Lego Tournement Preparation

    Last year My Mom, the boys and I came down to the F.I.R.S.T. LEGO Tournement at Roger Williams University to see DH dressed in black and white stripes as a referee.  He has been volunteering there for the last few years.  B and I participated in the Jr F.I.R.S.T. Lego League, and always come to the robotics tournement to enjoy the spectacle and see what people came up with as ideas.  We cheered the teams, toured the University Robotics department, and came home at a decent hour.   DH dragged home late, but happy, we saw him for a few seconds on TV.


    I remember walking the quad with my Mom and the boys, wondering how on Earth we could recruit team members, pay for the start up kit (over $500) get a custom table built, find a meeting place, and pull off the opportunity for my B this year.  He was officially old enough.  Most teams are sponsored by an existing civic group, a public school, private school, Boy Scout team, church…
    Coaching a Jr FIRST Lego League team for 3 years had been a major production for me.  Recruiting families was hard (Hmm, 3 hours a week on LEGOs, or Piano?  But I have girls.  HOW much money do they want for registration?  If little girl X joins, then it’s worth it to my daughter to join as well.  Can I bring the baby with me to meetings?)  Getting the children to jell as a team was hard (No children, we are listing the team’s brainstorm, we don’t need two identical lists, one of you recorders should sit down.  Both of these models are beautiful, but a team may only present one model, someone has to compromise), getting them to pay attention was hard, finding appealing projects, lining up a field trip, dealing with fantastic expectations (You mean there is a connection between how hard I work  and if I win a prize?).  Not imposing an adult vision on the project, while coaching the children through all the steps they had to complete was VERY HARD.

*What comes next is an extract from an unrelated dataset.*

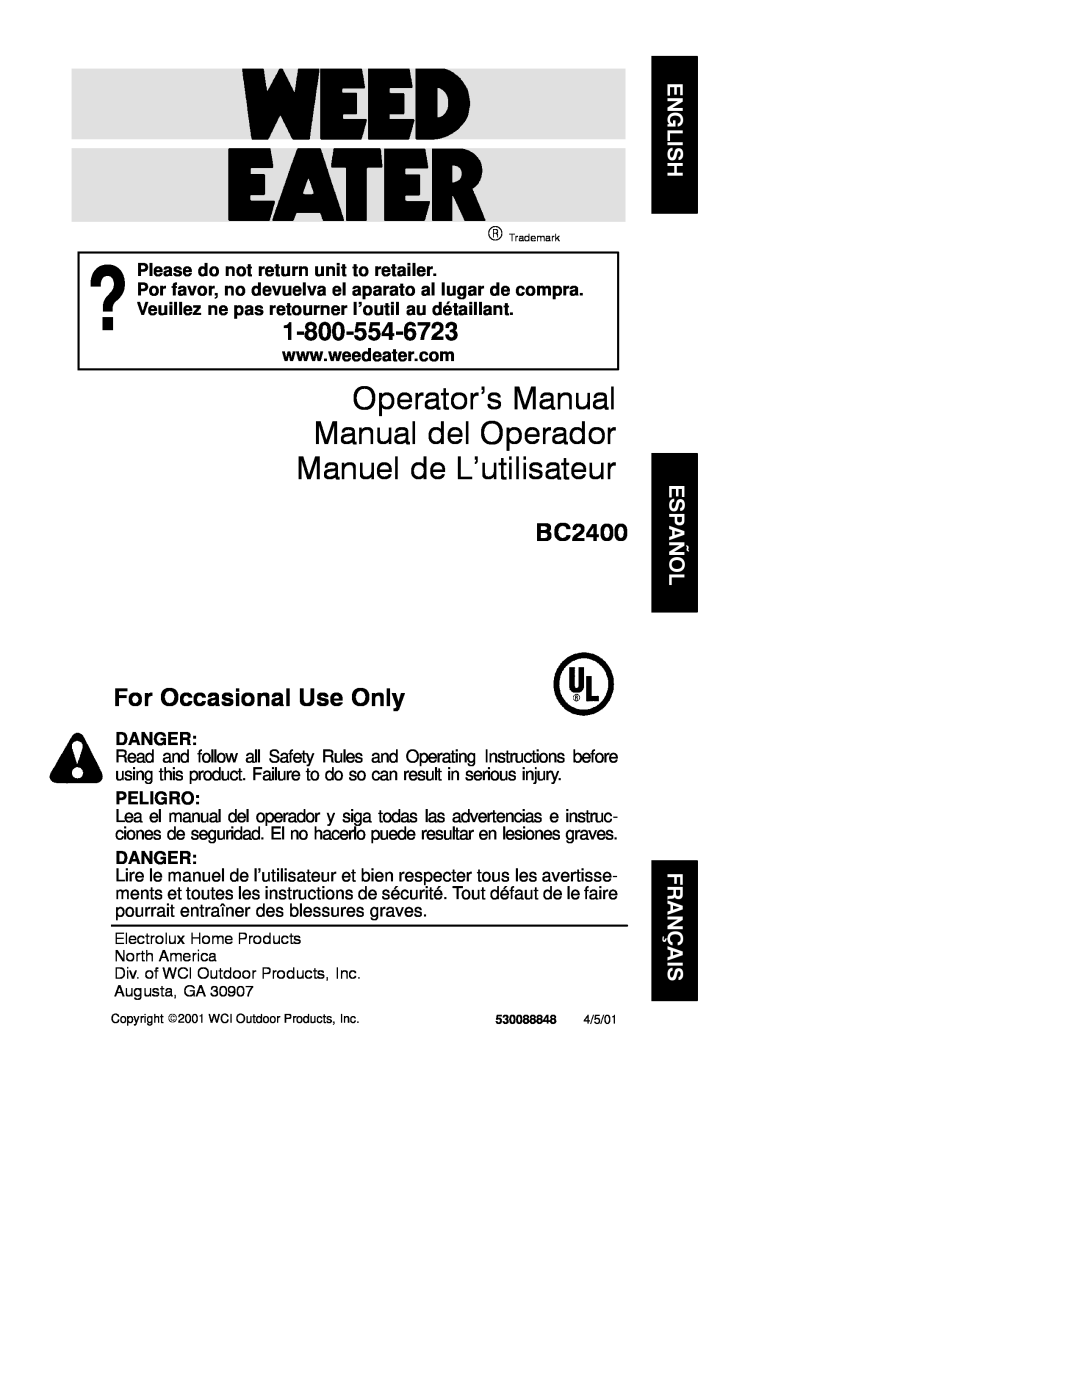 Weed Eater 530088848 operating instructions Operator’s Manual Manual del Operador, Manuel de L’utilisateur, Danger

    The experience was rewarding however.  Each year the competition required us to investigate an area of science or technology that is somewhat neglected, to try very hard to find local experts, and to explain it to children.  We have investigated nano-technology, handicaped accessibility, the ocean, and this year, where our energy comes from.  We have toured buildings in our town, networking with city hall and the library staff, visited a lab at MIT, played scale games with "2x-ing" ourselves with chalk outlines on the parking lot, explored areas of math and science usually not touched on until high school or college.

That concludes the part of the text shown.